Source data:
/---

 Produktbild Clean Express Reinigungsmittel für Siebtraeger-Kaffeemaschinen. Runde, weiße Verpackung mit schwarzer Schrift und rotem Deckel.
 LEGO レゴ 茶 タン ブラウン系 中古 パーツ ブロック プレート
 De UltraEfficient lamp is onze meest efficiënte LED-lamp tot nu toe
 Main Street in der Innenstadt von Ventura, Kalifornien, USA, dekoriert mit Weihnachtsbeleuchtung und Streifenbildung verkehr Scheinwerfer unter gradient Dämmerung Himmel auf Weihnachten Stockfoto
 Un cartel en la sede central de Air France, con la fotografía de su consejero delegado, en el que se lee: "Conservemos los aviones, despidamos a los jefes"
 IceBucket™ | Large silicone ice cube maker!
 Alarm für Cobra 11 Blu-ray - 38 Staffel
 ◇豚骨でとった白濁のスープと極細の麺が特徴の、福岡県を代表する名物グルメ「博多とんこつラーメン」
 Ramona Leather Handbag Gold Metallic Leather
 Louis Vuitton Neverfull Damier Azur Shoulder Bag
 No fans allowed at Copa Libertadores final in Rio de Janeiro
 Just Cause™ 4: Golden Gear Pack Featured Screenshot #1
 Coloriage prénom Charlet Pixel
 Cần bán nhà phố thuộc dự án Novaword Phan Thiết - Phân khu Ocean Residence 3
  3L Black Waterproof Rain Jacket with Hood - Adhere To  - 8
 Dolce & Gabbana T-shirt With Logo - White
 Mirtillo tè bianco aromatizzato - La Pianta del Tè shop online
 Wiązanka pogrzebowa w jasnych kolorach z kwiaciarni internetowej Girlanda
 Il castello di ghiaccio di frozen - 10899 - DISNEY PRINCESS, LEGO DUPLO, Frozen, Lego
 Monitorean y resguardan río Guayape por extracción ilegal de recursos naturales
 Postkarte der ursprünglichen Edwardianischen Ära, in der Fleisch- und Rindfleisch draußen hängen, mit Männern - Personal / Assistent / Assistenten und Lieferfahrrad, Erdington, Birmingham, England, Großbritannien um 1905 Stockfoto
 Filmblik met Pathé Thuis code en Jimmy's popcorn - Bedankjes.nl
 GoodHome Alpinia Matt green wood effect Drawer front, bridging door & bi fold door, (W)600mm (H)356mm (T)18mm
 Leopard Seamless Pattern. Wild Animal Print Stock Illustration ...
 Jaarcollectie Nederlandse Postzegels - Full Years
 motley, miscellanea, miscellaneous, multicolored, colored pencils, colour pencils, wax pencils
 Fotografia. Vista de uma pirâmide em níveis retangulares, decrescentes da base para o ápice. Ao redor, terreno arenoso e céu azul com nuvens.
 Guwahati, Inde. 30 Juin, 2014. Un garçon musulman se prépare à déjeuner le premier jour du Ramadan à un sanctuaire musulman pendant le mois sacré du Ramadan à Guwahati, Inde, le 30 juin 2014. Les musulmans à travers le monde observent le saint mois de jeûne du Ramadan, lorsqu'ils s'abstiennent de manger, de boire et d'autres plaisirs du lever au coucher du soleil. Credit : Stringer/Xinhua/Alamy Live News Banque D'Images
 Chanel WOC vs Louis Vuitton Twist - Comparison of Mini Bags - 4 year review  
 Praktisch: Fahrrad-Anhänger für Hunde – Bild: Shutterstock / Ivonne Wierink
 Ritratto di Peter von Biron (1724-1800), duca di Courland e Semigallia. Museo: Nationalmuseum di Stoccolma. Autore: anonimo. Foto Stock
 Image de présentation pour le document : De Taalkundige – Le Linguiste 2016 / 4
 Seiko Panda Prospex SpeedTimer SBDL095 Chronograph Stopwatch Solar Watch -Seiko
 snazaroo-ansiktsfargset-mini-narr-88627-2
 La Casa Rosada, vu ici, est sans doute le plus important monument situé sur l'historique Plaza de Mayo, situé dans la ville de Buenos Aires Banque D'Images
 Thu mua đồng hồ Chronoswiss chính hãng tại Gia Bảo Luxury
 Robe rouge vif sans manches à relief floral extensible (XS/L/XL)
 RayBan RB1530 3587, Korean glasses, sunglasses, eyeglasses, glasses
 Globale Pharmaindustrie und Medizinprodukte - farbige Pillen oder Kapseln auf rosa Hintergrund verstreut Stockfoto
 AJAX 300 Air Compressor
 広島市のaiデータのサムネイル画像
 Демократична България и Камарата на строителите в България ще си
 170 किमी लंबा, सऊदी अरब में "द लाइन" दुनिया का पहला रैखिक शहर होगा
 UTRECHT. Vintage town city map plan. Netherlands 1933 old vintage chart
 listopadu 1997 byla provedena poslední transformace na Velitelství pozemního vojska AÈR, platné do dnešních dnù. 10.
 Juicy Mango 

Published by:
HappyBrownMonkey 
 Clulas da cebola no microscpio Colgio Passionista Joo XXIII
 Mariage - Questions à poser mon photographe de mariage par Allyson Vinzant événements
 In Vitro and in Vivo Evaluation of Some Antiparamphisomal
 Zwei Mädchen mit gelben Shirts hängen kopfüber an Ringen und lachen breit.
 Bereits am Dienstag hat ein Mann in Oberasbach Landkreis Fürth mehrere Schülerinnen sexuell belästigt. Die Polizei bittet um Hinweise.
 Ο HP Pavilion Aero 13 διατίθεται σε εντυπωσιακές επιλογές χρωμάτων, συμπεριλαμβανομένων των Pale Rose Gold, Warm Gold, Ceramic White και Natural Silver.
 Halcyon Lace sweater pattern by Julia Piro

\---

• Prompt
Answer with the number alone: how many lines in the records include the word "Vuitton"?

• Solved exercise
2